**ACTIVITY**
With the pictures removed, the data below must be transcribed in full and exactly.

**DATASET EXCERPT**
● ● ● ●
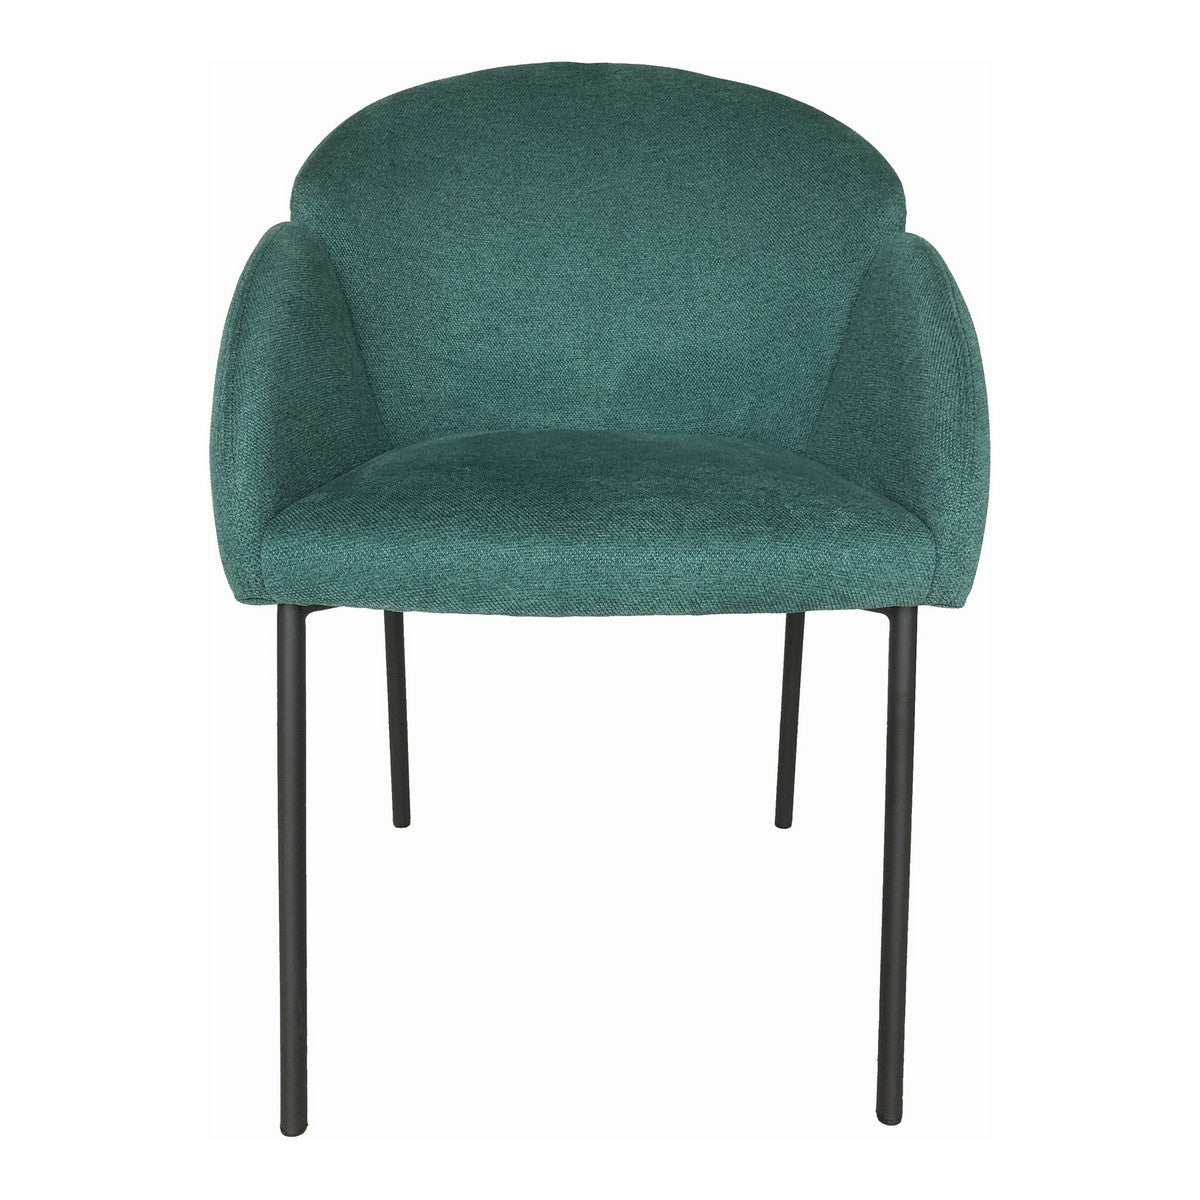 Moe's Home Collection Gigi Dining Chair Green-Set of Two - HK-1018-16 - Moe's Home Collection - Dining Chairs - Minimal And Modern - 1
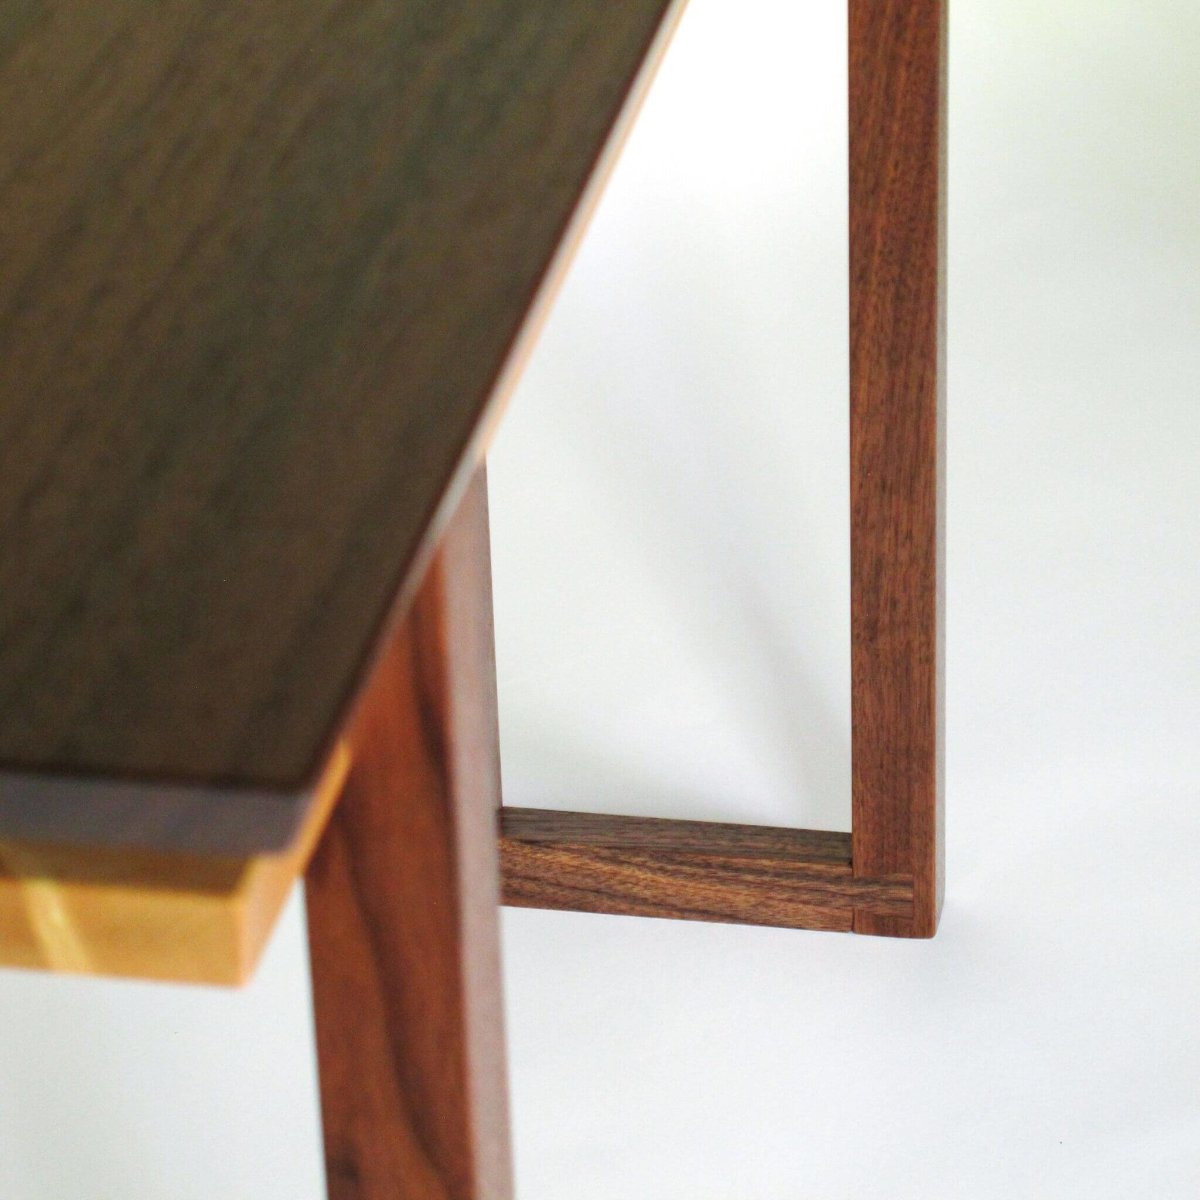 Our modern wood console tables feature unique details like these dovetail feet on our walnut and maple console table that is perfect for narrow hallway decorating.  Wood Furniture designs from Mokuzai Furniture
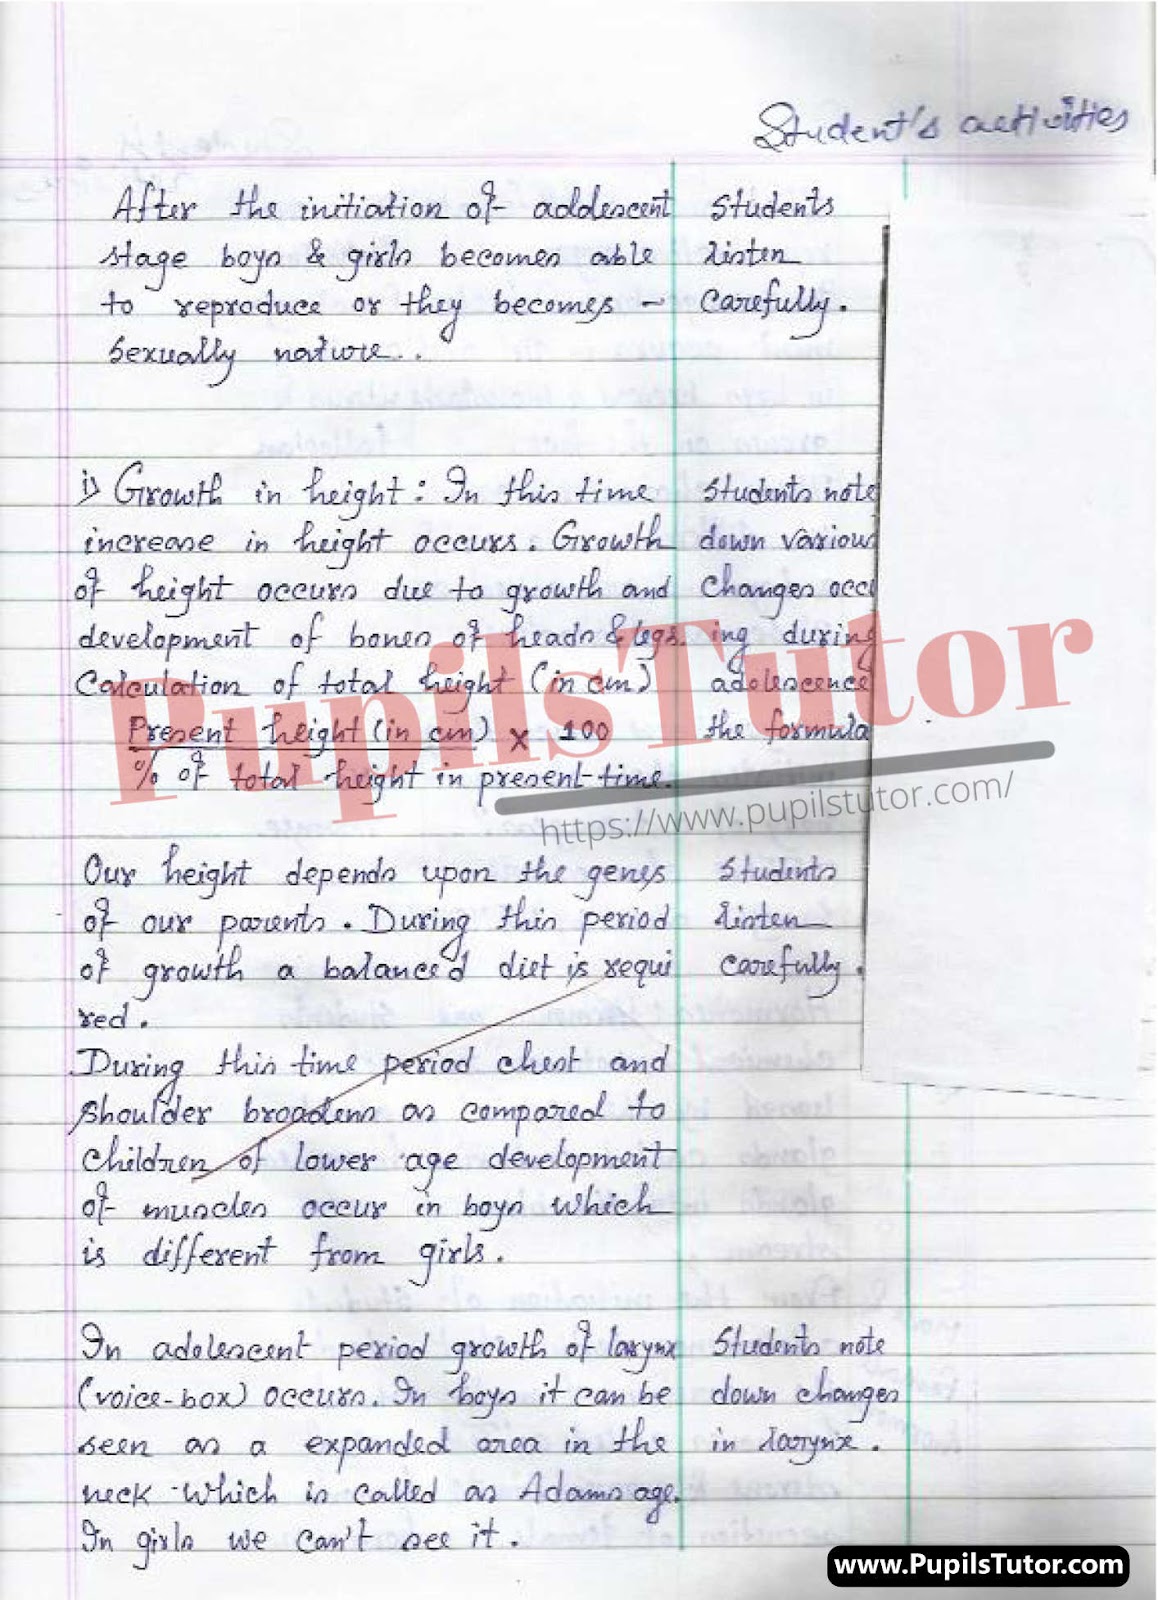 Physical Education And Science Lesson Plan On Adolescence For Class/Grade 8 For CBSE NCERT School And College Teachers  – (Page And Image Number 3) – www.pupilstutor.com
● ● ● ●
**WRITTEN RESPONSE**
 Moe's Home Collection Gigi Dining Chair Green-Set of Two - HK-1018-16 - Moe's Home Collection - Dining Chairs - Minimal And Modern - 1
 Our modern wood console tables feature unique details like these dovetail feet on our walnut and maple console table that is perfect for narrow hallway decorating.  Wood Furniture designs from Mokuzai Furniture
 Physical Education And Science Lesson Plan On Adolescence For Class/Grade 8 For CBSE NCERT School And College Teachers  – (Page And Image Number 3) – www.pupilstutor.com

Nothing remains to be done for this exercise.